*** Begin section ***

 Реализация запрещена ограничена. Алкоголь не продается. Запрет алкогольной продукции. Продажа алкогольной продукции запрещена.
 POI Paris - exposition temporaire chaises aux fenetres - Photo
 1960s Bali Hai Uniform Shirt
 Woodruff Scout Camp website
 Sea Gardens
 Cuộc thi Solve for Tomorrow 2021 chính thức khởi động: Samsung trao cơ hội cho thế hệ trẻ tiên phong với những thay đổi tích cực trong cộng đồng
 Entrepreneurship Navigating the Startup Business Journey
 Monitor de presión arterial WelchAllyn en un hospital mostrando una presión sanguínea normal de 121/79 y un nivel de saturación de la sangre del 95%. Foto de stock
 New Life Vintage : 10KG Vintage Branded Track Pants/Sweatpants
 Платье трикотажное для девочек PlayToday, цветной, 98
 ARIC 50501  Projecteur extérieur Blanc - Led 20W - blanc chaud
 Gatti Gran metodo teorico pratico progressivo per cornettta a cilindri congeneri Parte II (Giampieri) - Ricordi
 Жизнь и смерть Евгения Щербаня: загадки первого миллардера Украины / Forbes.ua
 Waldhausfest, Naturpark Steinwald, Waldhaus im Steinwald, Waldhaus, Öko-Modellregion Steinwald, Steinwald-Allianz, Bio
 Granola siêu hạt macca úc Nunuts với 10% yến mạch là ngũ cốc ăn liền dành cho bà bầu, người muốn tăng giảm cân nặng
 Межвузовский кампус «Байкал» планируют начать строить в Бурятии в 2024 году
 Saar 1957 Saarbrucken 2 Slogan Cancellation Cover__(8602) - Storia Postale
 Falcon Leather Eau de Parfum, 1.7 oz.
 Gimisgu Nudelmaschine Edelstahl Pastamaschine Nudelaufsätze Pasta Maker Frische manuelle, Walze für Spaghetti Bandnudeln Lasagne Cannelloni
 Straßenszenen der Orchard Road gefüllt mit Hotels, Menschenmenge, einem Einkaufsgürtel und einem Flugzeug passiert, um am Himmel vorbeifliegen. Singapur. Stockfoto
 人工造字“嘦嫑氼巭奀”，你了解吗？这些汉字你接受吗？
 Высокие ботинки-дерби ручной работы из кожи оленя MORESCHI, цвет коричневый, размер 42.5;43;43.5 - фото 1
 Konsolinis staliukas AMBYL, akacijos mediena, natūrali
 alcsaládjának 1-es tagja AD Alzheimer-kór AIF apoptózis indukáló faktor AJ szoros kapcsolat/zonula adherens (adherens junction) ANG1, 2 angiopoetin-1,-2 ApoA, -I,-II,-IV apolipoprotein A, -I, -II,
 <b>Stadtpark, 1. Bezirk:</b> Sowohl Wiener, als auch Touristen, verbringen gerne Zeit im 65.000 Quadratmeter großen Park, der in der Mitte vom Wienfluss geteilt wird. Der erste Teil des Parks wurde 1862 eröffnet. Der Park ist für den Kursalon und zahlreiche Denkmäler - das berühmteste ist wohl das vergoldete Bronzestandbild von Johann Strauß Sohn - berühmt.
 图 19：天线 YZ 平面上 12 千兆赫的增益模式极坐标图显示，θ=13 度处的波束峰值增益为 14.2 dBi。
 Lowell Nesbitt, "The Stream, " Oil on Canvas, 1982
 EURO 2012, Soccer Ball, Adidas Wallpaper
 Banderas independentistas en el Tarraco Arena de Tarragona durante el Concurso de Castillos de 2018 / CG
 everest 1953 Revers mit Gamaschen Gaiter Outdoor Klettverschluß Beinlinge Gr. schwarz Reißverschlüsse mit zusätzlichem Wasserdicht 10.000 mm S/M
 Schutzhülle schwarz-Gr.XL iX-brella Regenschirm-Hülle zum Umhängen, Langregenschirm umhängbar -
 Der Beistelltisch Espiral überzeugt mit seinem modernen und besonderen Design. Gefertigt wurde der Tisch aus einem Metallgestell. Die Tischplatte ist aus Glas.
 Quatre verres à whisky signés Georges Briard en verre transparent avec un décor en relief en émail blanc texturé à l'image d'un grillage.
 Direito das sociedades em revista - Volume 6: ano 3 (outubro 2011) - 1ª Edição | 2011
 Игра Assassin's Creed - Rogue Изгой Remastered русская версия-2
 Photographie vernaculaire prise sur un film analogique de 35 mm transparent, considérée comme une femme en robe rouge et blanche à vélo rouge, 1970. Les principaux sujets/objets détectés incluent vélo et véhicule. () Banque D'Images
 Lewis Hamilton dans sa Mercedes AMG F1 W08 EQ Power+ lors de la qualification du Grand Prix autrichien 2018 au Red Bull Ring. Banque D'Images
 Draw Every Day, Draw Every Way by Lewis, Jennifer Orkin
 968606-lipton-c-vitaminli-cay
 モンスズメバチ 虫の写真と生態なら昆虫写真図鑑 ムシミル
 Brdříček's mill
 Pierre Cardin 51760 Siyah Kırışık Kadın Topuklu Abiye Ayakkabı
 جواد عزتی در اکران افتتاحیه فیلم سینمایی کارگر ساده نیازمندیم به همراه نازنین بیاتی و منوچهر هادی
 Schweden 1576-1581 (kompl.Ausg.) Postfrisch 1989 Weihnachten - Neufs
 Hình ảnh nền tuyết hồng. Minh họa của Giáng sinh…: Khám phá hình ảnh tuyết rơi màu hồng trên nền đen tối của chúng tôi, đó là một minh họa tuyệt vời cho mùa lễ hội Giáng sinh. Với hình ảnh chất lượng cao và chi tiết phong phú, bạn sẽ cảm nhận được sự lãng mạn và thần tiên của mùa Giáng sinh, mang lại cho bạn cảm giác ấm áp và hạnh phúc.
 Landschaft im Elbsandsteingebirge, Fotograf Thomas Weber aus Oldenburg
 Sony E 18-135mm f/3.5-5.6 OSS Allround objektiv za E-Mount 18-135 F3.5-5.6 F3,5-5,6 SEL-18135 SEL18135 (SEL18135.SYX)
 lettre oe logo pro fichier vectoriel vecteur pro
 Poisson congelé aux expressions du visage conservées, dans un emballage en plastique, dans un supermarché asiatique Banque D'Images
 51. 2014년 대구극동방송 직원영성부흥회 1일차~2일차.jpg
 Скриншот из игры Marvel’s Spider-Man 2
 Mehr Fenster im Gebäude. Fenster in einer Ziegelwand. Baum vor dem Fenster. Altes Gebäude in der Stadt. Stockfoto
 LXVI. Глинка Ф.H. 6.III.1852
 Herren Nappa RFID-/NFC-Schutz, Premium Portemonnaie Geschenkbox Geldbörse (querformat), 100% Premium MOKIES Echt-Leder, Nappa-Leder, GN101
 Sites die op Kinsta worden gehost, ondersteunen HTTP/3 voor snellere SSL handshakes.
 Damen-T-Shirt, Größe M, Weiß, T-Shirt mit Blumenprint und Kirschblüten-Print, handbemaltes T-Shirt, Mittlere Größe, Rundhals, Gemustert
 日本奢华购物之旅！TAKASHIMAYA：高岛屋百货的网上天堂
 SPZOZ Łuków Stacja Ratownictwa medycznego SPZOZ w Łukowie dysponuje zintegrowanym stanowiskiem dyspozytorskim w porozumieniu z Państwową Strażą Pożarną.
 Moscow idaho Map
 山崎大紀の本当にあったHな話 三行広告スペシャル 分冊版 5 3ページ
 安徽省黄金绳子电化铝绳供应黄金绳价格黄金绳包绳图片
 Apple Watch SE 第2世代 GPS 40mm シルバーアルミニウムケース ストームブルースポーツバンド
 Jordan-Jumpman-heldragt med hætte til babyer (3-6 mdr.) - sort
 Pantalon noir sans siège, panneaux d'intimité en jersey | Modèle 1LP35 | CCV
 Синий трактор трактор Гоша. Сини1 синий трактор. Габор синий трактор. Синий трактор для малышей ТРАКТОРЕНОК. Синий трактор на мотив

*** End section ***

# [Exercise objective]
Copy the lines above exactly, beginning at the line that has "Monitor de presión" and stopping after the line that has "<b>Stadtpark, 1. Bezirk:</b>", and omit the rest.

# [Worked solution]
 Monitor de presión arterial WelchAllyn en un hospital mostrando una presión sanguínea normal de 121/79 y un nivel de saturación de la sangre del 95%. Foto de stock
 New Life Vintage : 10KG Vintage Branded Track Pants/Sweatpants
 Платье трикотажное для девочек PlayToday, цветной, 98
 ARIC 50501  Projecteur extérieur Blanc - Led 20W - blanc chaud
 Gatti Gran metodo teorico pratico progressivo per cornettta a cilindri congeneri Parte II (Giampieri) - Ricordi
 Жизнь и смерть Евгения Щербаня: загадки первого миллардера Украины / Forbes.ua
 Waldhausfest, Naturpark Steinwald, Waldhaus im Steinwald, Waldhaus, Öko-Modellregion Steinwald, Steinwald-Allianz, Bio
 Granola siêu hạt macca úc Nunuts với 10% yến mạch là ngũ cốc ăn liền dành cho bà bầu, người muốn tăng giảm cân nặng
 Межвузовский кампус «Байкал» планируют начать строить в Бурятии в 2024 году
 Saar 1957 Saarbrucken 2 Slogan Cancellation Cover__(8602) - Storia Postale
 Falcon Leather Eau de Parfum, 1.7 oz.
 Gimisgu Nudelmaschine Edelstahl Pastamaschine Nudelaufsätze Pasta Maker Frische manuelle, Walze für Spaghetti Bandnudeln Lasagne Cannelloni
 Straßenszenen der Orchard Road gefüllt mit Hotels, Menschenmenge, einem Einkaufsgürtel und einem Flugzeug passiert, um am Himmel vorbeifliegen. Singapur. Stockfoto
 人工造字“嘦嫑氼巭奀”，你了解吗？这些汉字你接受吗？
 Высокие ботинки-дерби ручной работы из кожи оленя MORESCHI, цвет коричневый, размер 42.5;43;43.5 - фото 1
 Konsolinis staliukas AMBYL, akacijos mediena, natūrali
 alcsaládjának 1-es tagja AD Alzheimer-kór AIF apoptózis indukáló faktor AJ szoros kapcsolat/zonula adherens (adherens junction) ANG1, 2 angiopoetin-1,-2 ApoA, -I,-II,-IV apolipoprotein A, -I, -II,
 <b>Stadtpark, 1. Bezirk:</b> Sowohl Wiener, als auch Touristen, verbringen gerne Zeit im 65.000 Quadratmeter großen Park, der in der Mitte vom Wienfluss geteilt wird. Der erste Teil des Parks wurde 1862 eröffnet. Der Park ist für den Kursalon und zahlreiche Denkmäler - das berühmteste ist wohl das vergoldete Bronzestandbild von Johann Strauß Sohn - berühmt.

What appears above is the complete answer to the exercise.